January 4, 2018
Stuart Weitzman School of Design
102 Meyerson Hall
210 South 34th Street
Philadelphia, PA 19104
This post showcases some of the impressive first semester data science work by the MUSA and Planning students in Ken Steif's course, MUSA 507. The students chose from four possible spatial machine learning projects.
Students were asked to think critically about each use case and develop a machine learning algorithm that could help a stakeholder better allocate their limited resources. The students were also required to design and wireframe a mock app to better understand how stakeholders could consume the predictions.
The final requirement was to writeup their algorithms in R Markdown, in such a way that another city could pick up their code and replicate their analysis.
Let's take a look at a few of the projects.
Opiate overdoses
Syndey Goldstein and Justine Kone used opiate overdose data from the Cincinnati Open Data site to predict overdose risk for every location citywide. In the image below, they compare the spatial risk scores from the predictive model to a traditional kernel density model. In their video, Sydney and Justine propose to use their model to inform a safe-injection site program.
Predicting ambulance demand
Yiwei Liu Shuhan Xu worked with EMS dispatch open data from the City of Virginia Beach to forecast ambulance demand. Their app was designed to position ambulance drivers in a given neighborhood to more efficiently allocate EMS services in places and at times where they are most needed. Here is their video.
Bike share rebalancing
Yishi Liu and Yinuo Yin took on the task of forecasting 'Divvy' bike share demand in Chicago to create a bicycle rebalancing application. Bike rebalancing is a critical function that bike share systems must undertake in order to make sure that there is always a bike for the taking or a empty dock for drop off.
In their markdown, Yishi and Yinuo employ some interesting modeling approaches building a series of time lags and spatial predictors into their poisson regression.

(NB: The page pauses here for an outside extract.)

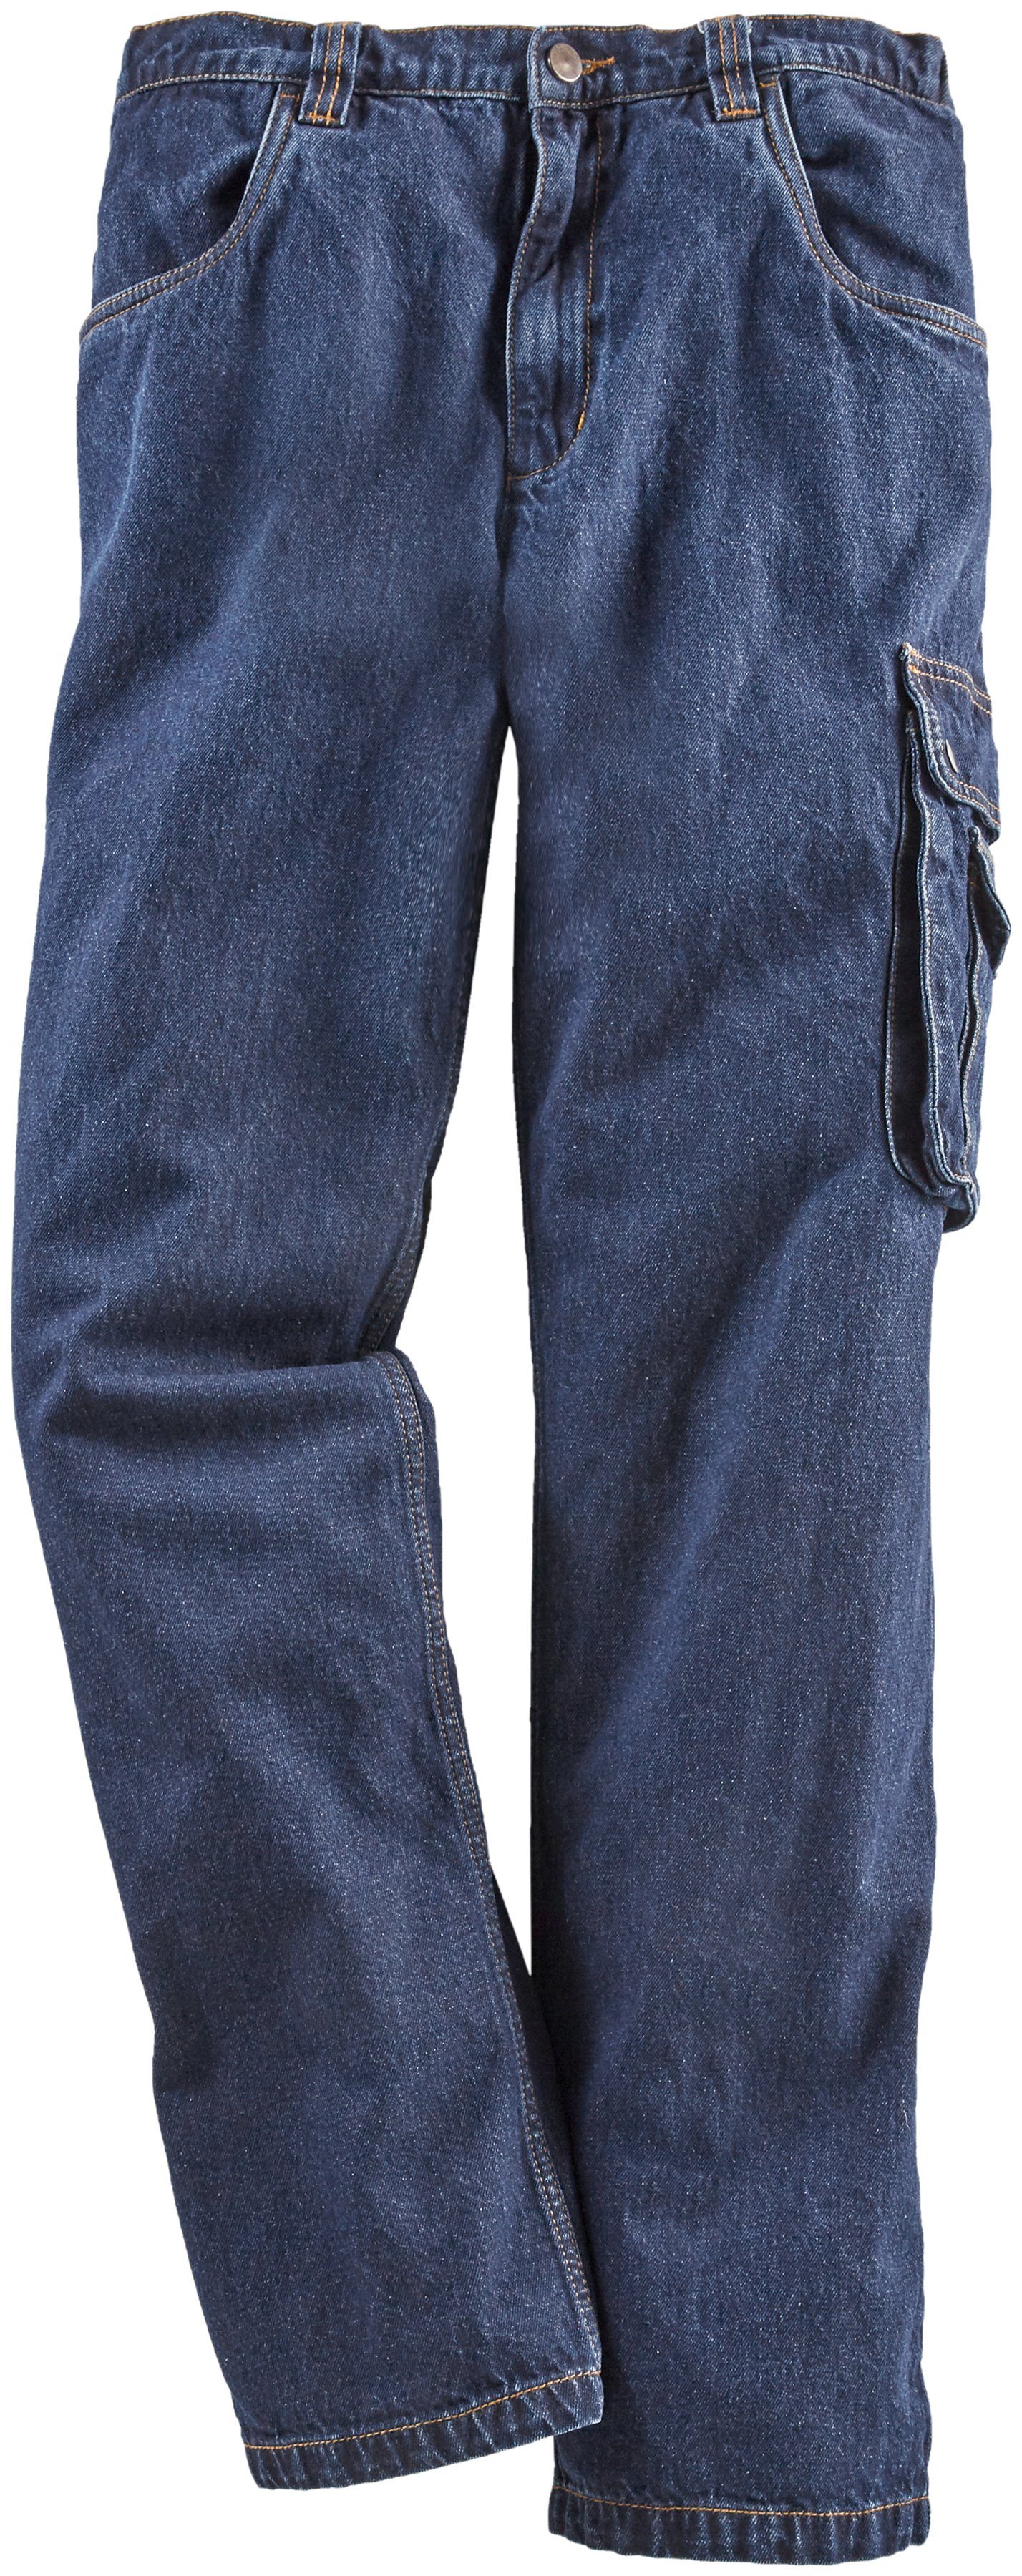 comfort Baumwolle, (aus mit Country fit) praktischen Arbeitshose Jeans Jeansstoff, 8 dehnbarem Bund, Northern mit 100% Worker Taschen robuster
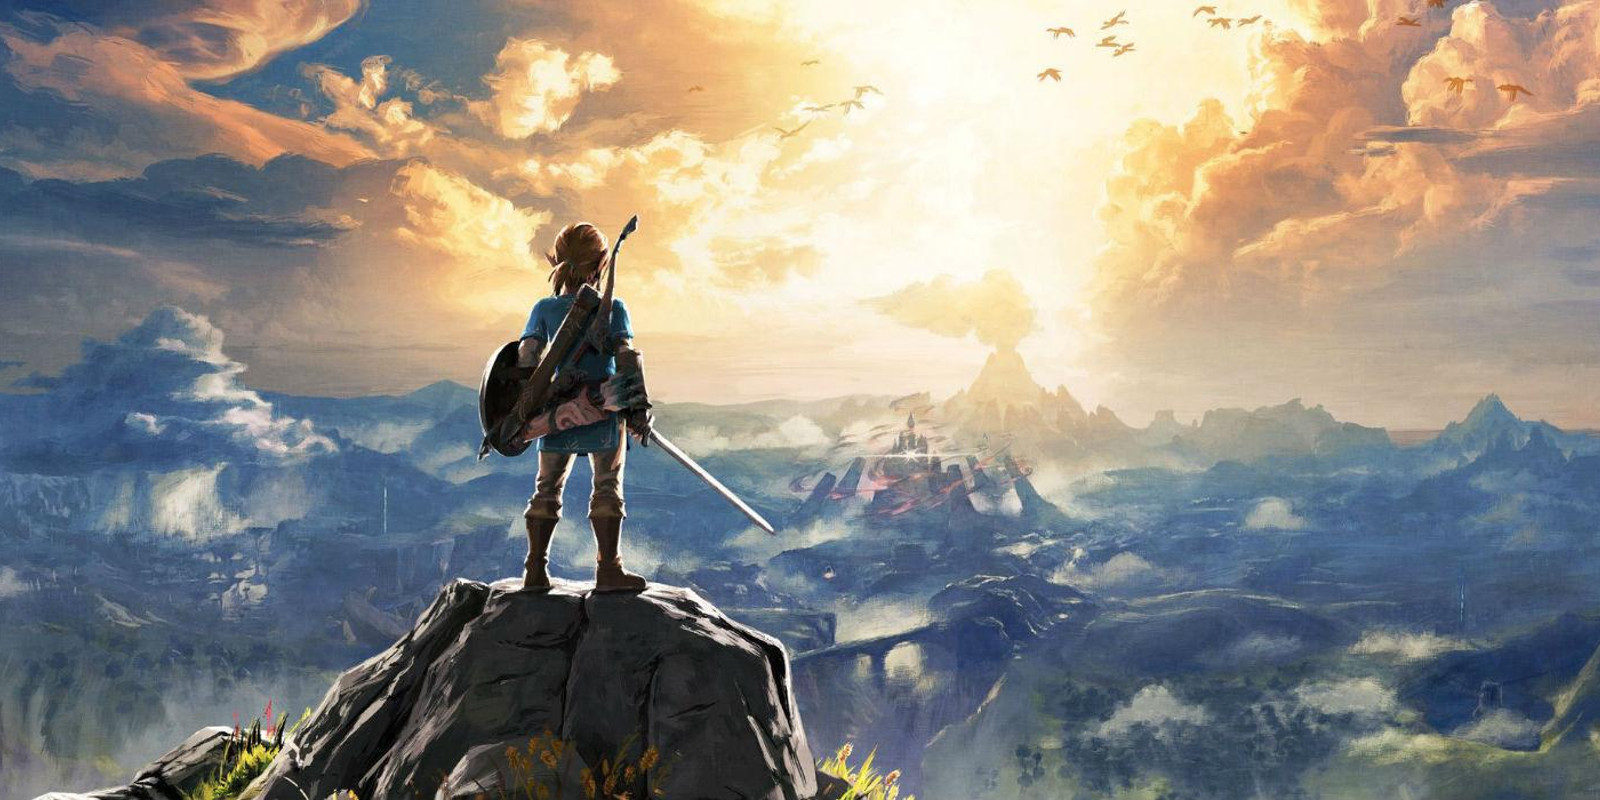 Por qué 'The Legend of Zelda: Breath of the Wild' va a ser único en la saga

Below you can see how their predictions compare to the observed bike share trip counts by day, for a given week.
The below map shows the percentage of prediction error, by day, for each station in the study area. These maps show that the students were able to remove most of the spatial autocorrelation in their model.
Predicting restaurant inspection failures
Andrew Renninger and Chris Salzano replicated the Chicago restaurant inspection project featured here. The began with some interesting explanatory analysis. The figure below looks at failure rates by restaurant chain.
The group also looked at some time-based indicators of inspection failure as well.
Andrew and Chris also took an innovative approach to feature engineering, using the Yelp API to download ratings data for every establishment in their dataset. Here is the distribution of ratings Citywide.
They trained their model on 2015 data and predicted for 2016. Below is the ROC Curve using the out-of-sample predictions (2016 data). AUC = 0.83.
The team created a function to determine the appropriate probability threshold to limit the number of false positives and false negatives. For a first foray into machine learning, this team, like many others in the class, came away with some incredibly impressive work. If you want to check out this team's entire markdown document, you can download it here and open it in a browser.
The work from this past fall has certainly prepared the MUSA students for their Spring Practicum where they will work on data science projects for cities including Louisville, Providence, Philadelphia and Minneapolis.